When Moses and Zipporah return to Egypt, Nikondeha envisions them encountering a Nile Network of neighbors from two sides of the river, linking Hebrew and Egyptian women in a network that resists Pharaoh. It is this network that leads to the Hebrew women gaining access to Egyptian good for the exodus. This invites us to consider the freeing power of neighborliness.

Finally, we come to a chapter titled "Descendants of Miriam." Here she reminds us that Miriam was a partner with her brothers in leading Israel out of Egypt. Nikondeha pictures Miriam leading the singing and dancing as the Hebrews crossed through the Reed Sea. While Moses may have led the singing, Nikondeha notes that there is good reason to believe that it was Miriam who wrote the songs. Along the way she played the drums. Miriam, as noted here, is the first woman to be declared a prophet. She is the forerunner of those who beat the drums of freedom in the ages to come.

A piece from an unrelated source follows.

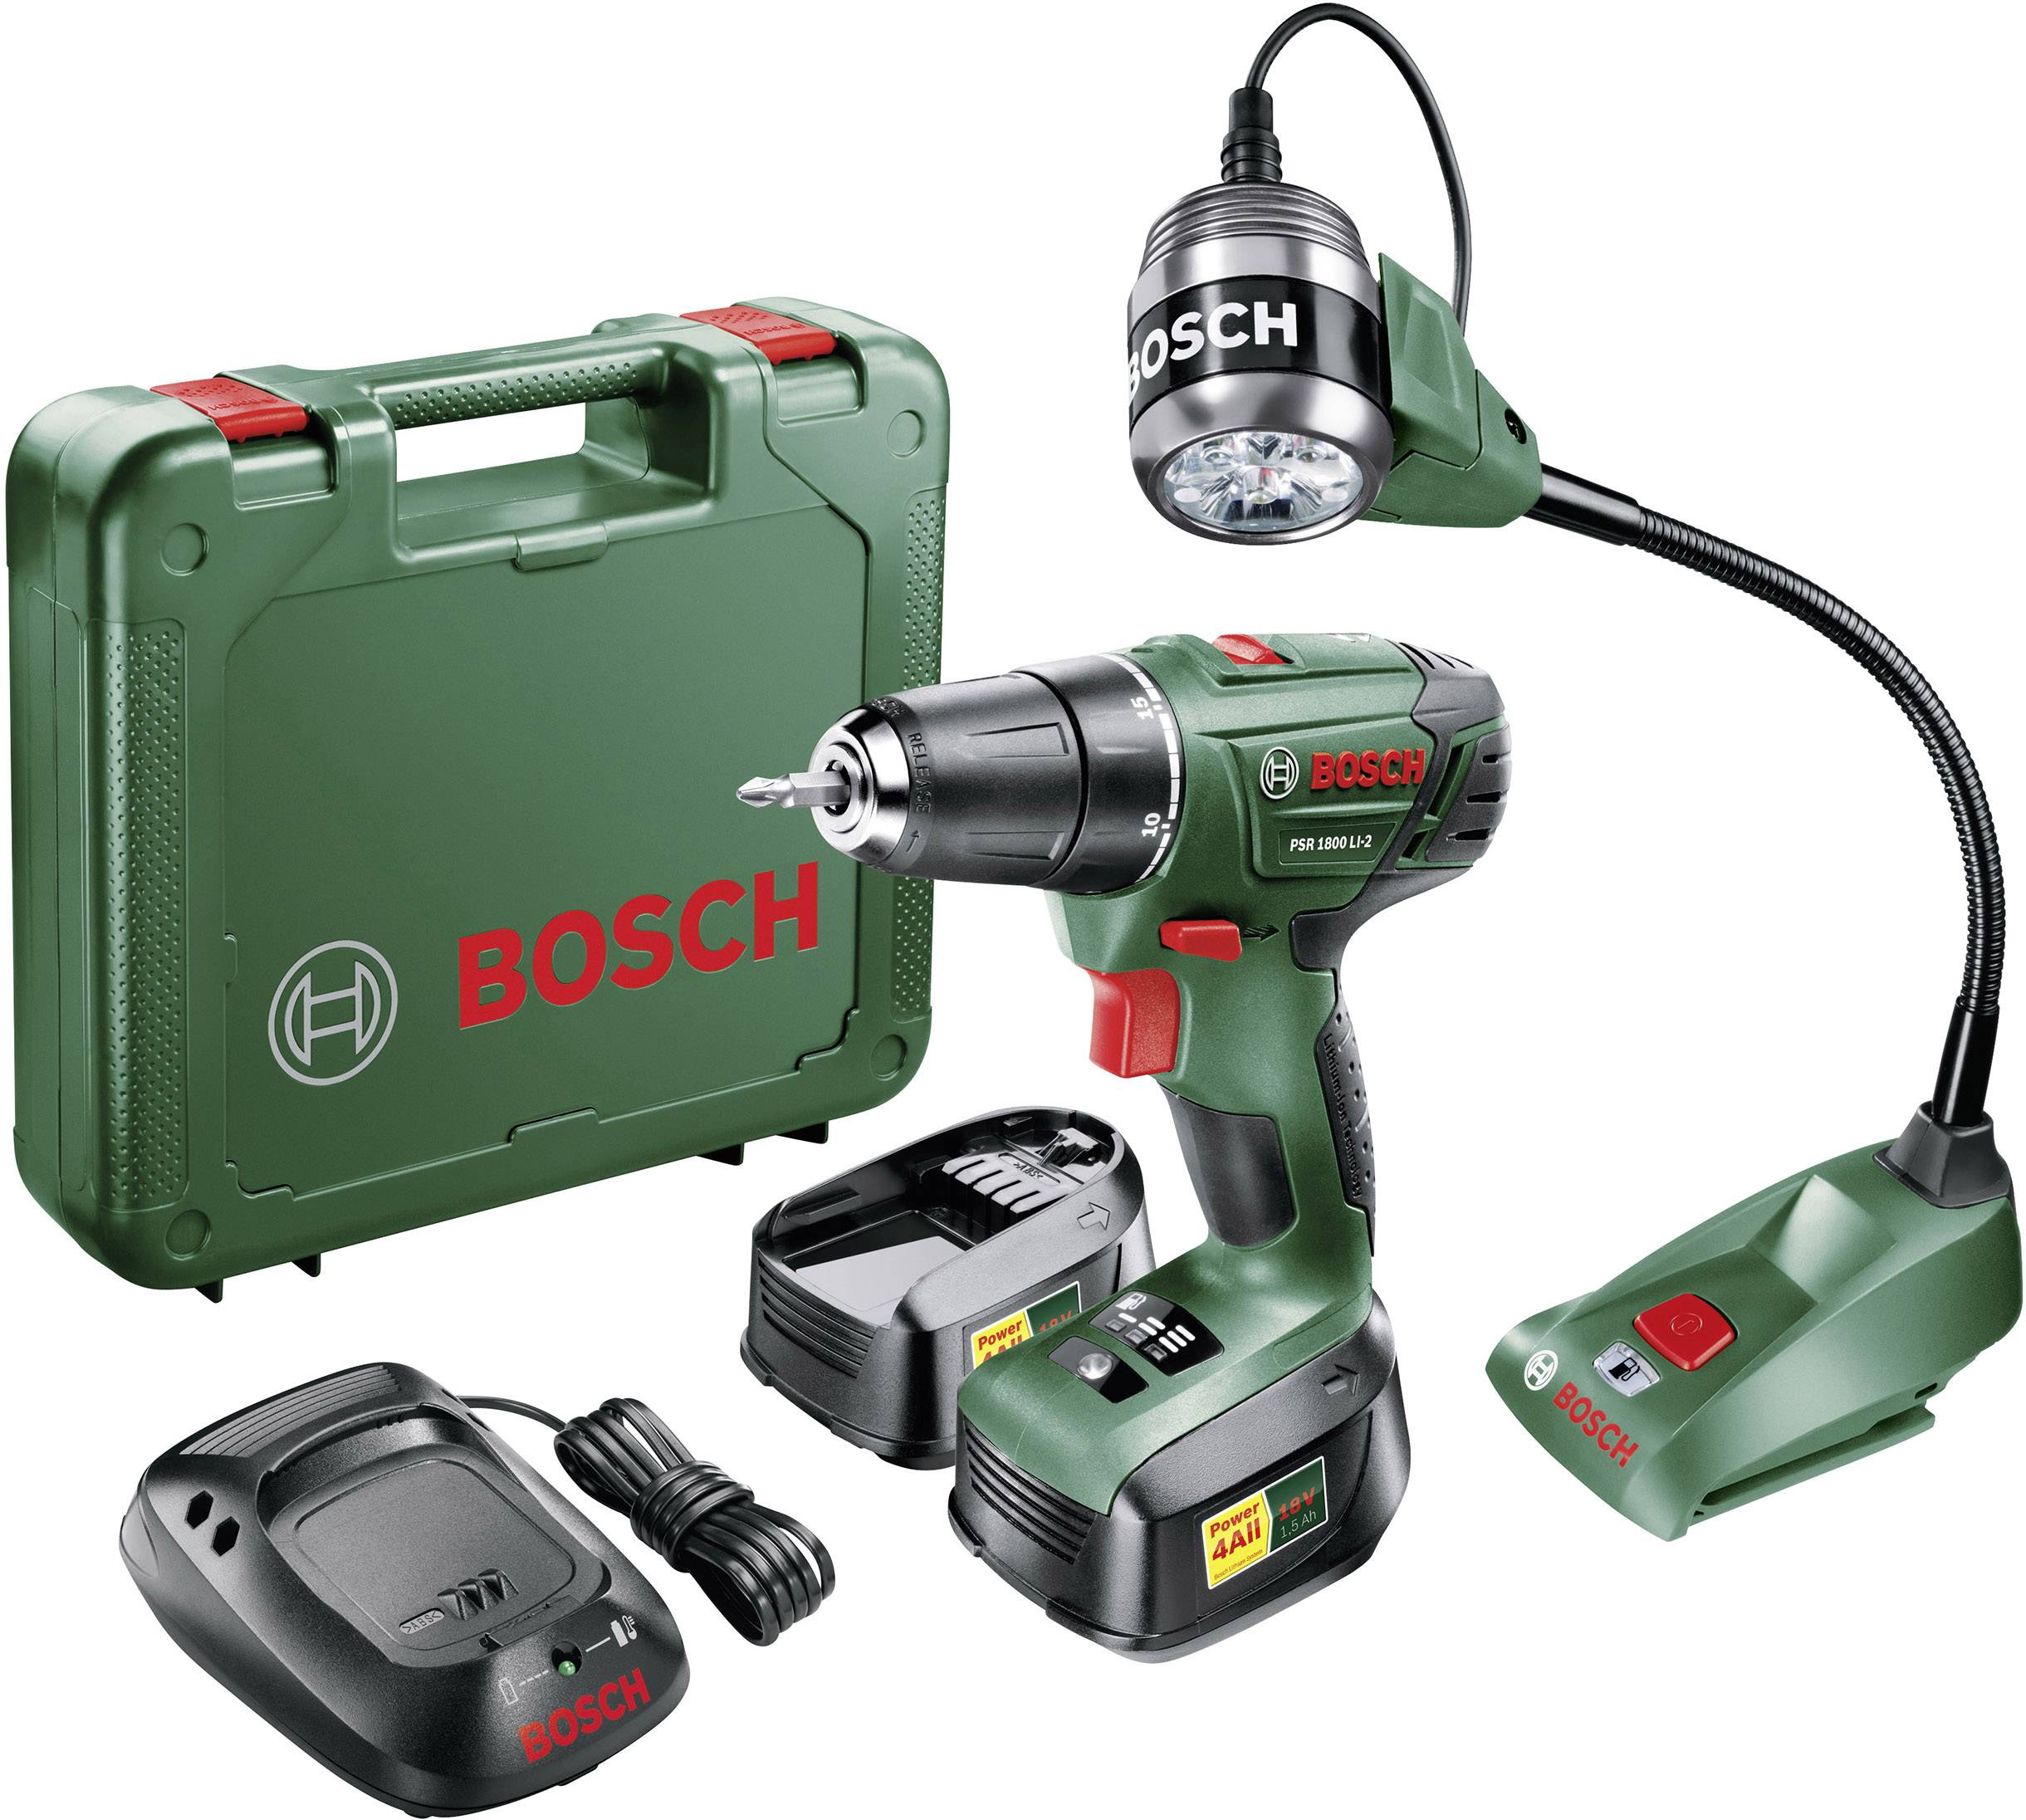 Bosch psr 1800 li 2. Bosch 1800 li. PSR 1800 li-2. Bosch 06039b5001. Bosch PSR 1800 li-2 запчасти.

This is one of those books, along with Debbie Blue’s recently published book Consider the Women, which I also found to be beautifully written, that will open one's eyes to the broader movements of scripture, bringing forth persons who normally are left in the background, giving them a voice in the story. As a good storyteller, she knows how to weave ancient and modern stories into a compelling narrative. She draws you into the narratives, both the biblical and the personal, opening your eyes to parts of the story you might not have noticed before. She fills gaps in the story, interpreting, faithfully I believe, the fuller story. If you’re reading this review, hopefully, you will be convinced of your need to read this book. You can read it for yourself. You might even want to read it in groups. With that in mind, the publisher has provided a study guide. I can assure you that you will never read the Exodus story the same again after you read it through this lens. I also expect you will use the tools provided here to pay attention to the women who appear in other biblical stories, noting their strength of character and the power of their faith in God. So, take and read Kelley Nidondeha's Defiant. You won’t be sorry!